Given b and k to be positive integers and F_k < b < F_(k+1), where Fk is the k-th fibonacci number.

Let n(b) to be the number of digits that represent b, in the decimal system.

Give the best in your opinion upper and lower bounds for n(b). The bounds have k inside them.

2. Well, the sequence continues infinitely so in all reality, it'd take an arbitrary number of bits to represent an arbitrary number in the sequence (or in between values thereof). If b is some value in-between two terms in the sequence, then you can use that to narrow down how many bits you would truly require.

It'd basically be an arbitrarily sized unsigned integer.

I'm not actually sure how libraries like GMP work in the sense that they're arbitrarily precise but I'm assuming you'd just declare a structure with a bitfield, right? Like, you can declare bitfields in structs as large as you want, right?

Edit :

Okay, I did find something. This is a very simple suggested way of implementing a big number : http://www.cplusplus.com/forum/lounge/32041/

I'm actually not sure about the specifics of your assignment but if I was given that question, that's what I would write, that theoretically an arbitrary number of bits should be used but physical constraints sort of limit that so it all depends where you want b to be.

3. So here's the Wikipedia page: Fibonacci number - Wikipedia, the free encyclopedia
And here's the OEIS page: A000045 - OEIS

I would make a mapping of k versus the number of digits in F_(k), paying extra attention to where the number of digits changes.

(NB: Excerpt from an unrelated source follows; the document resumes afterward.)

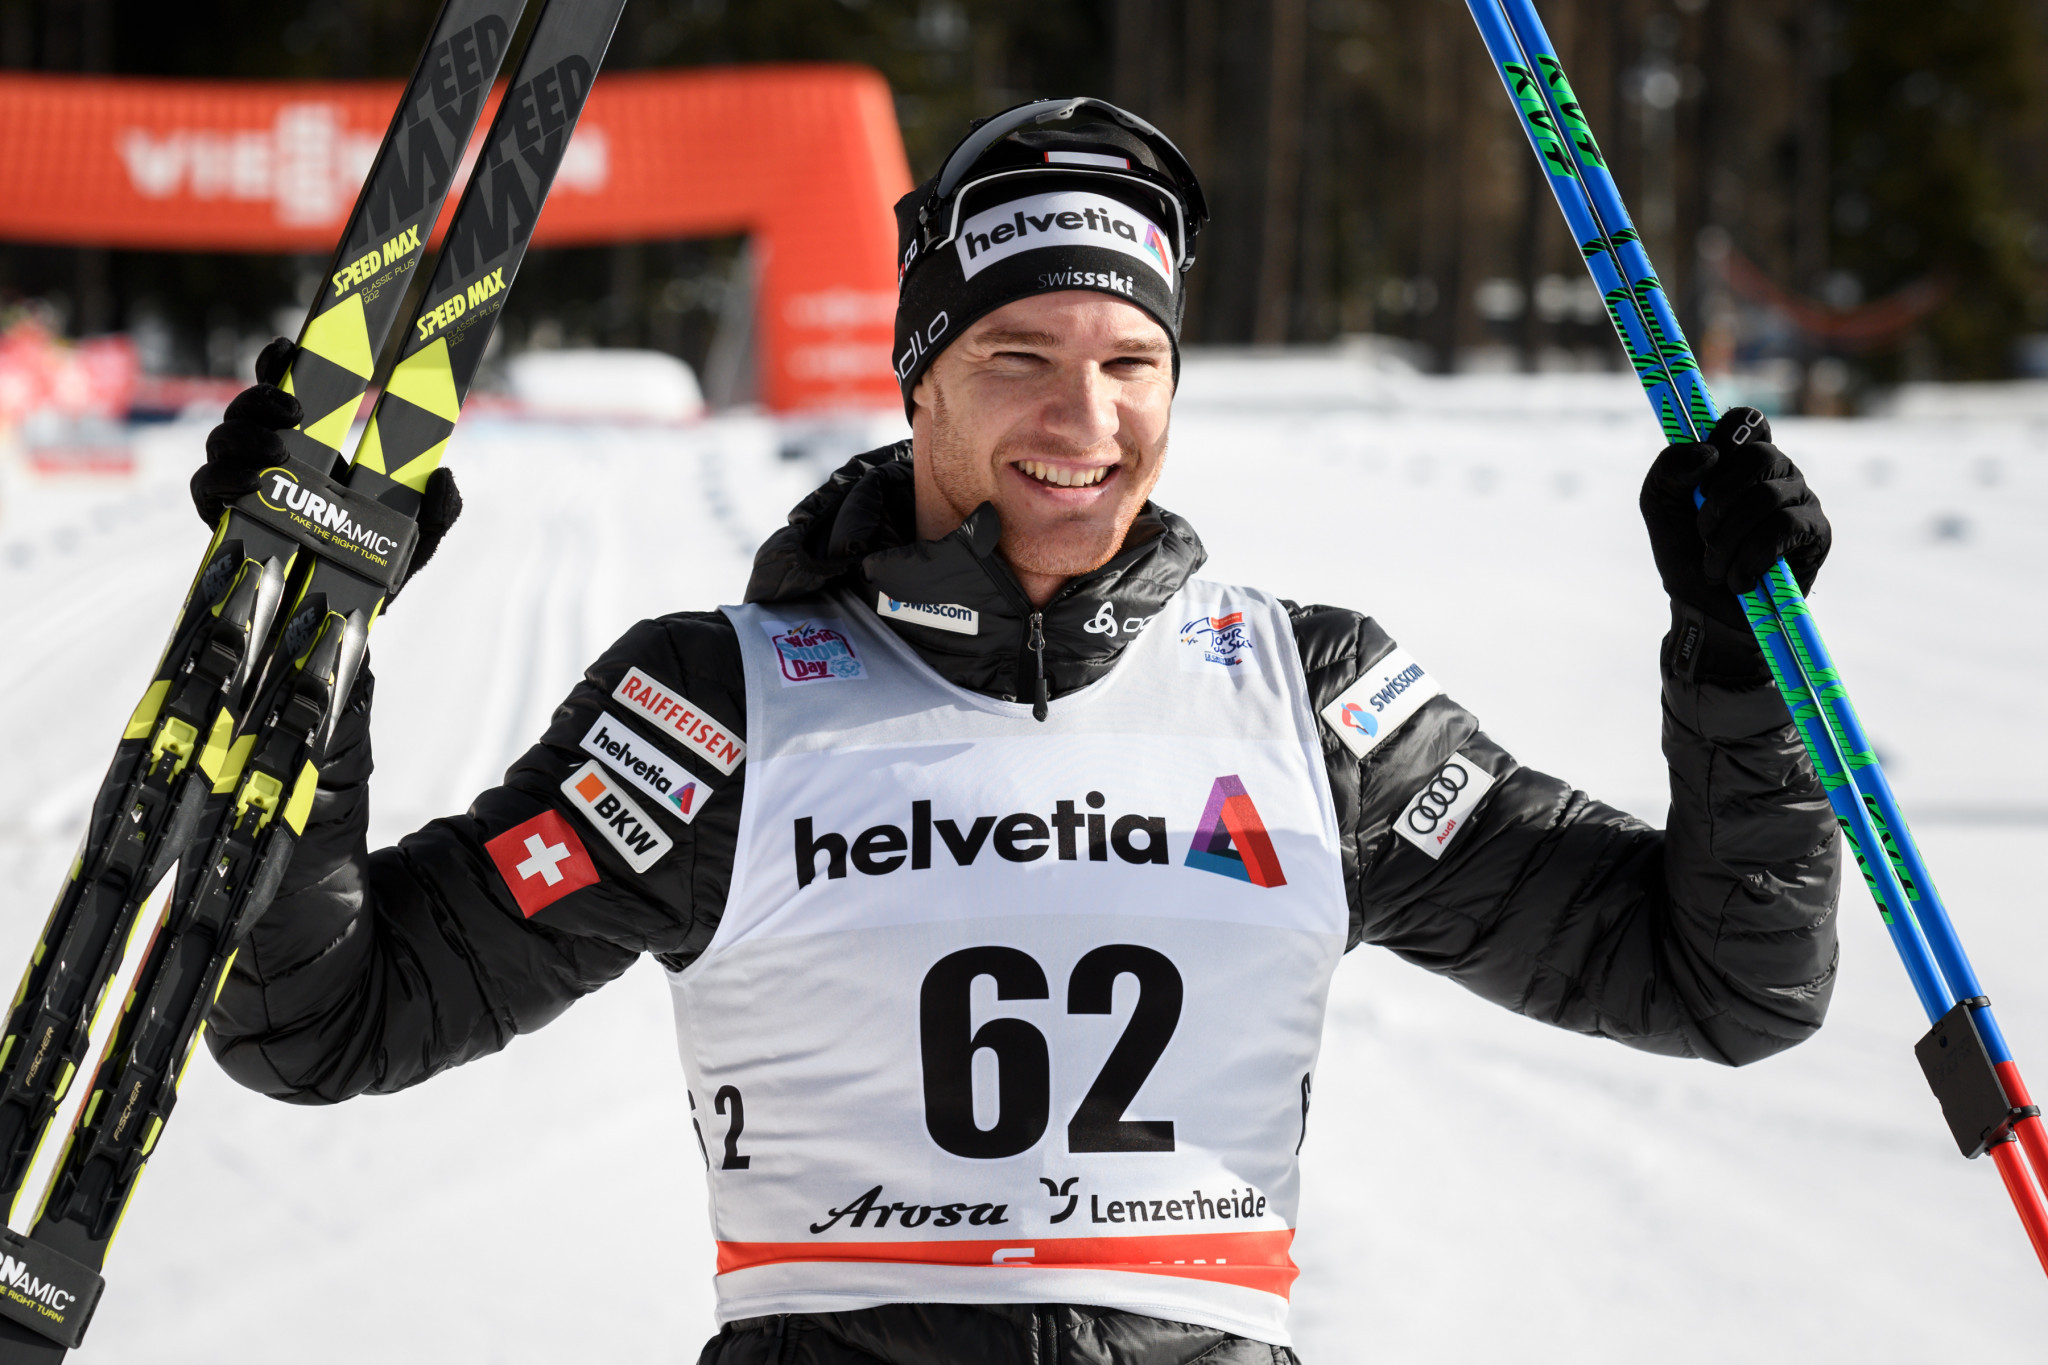 Cologna takes FIS Cross-Country World Cup gold on home snow in Lenzerheide
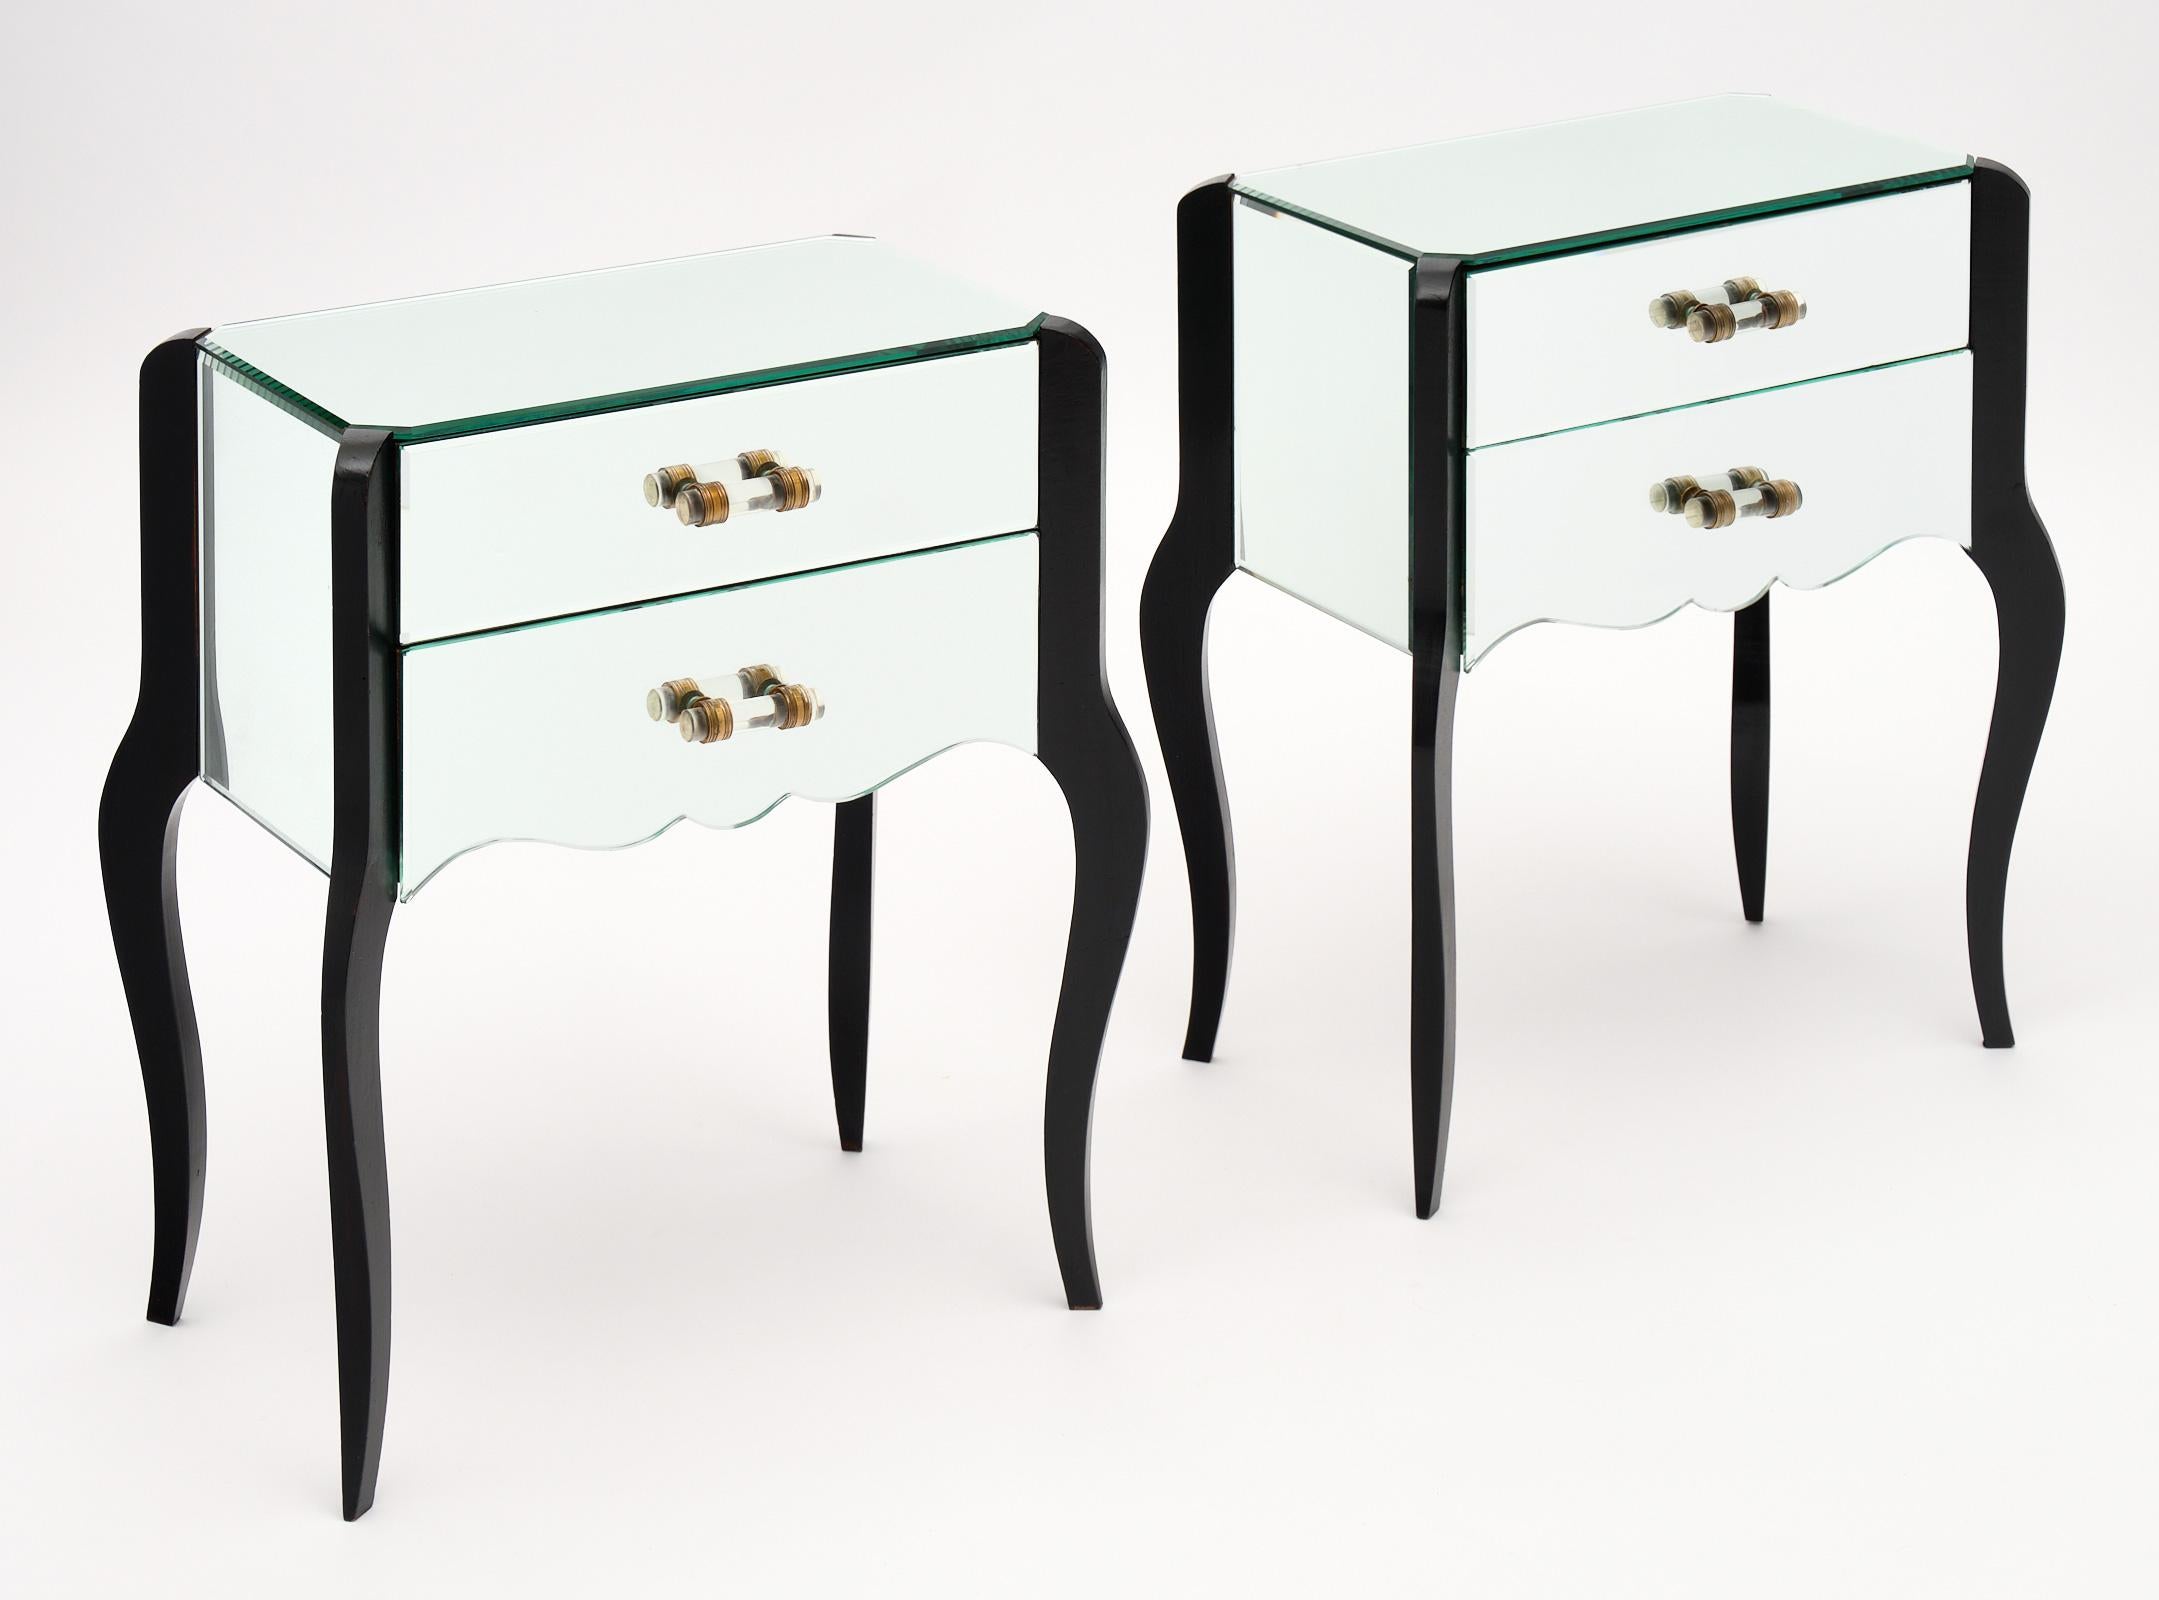 French Art Deco period mirrored side tables with wooden, ebonized cabriole legs. We love the unique, original pulls and beautiful condition of this pair.

E.g. F_(7) is the first two digit number, F_(12) the first three digit number, etc. Then, see what expression you can find that maps k to number of digits. Also note, it says "best in your opinion". I don't know that they're actually looking for the best, or most accurate, but want to see what you can come up with.

Note, I think the OEIS page has one or two little blurbs that can help you, but I'm no math expert.

4. I also thought what anduril said, but I couldn't find the mapping. Will look again in the 2nd link.

It seems that the golden ratio φ (you know, the number of Phidias of Acropolis) is the key to the answer here.

5. @MutantJohn:
I think this is more a "pure math" question, and not about programming or how to represent such numbers in a computer. std10093 can confirm.

6. I do confirm.

7. Good. I think you're right about φ. Now, how to take φ and k, and get the number of digits. Start by using φ and k to estimate the k'th term of the Fibonacci sequence. From there, it should be fairly easy to get the number of digits.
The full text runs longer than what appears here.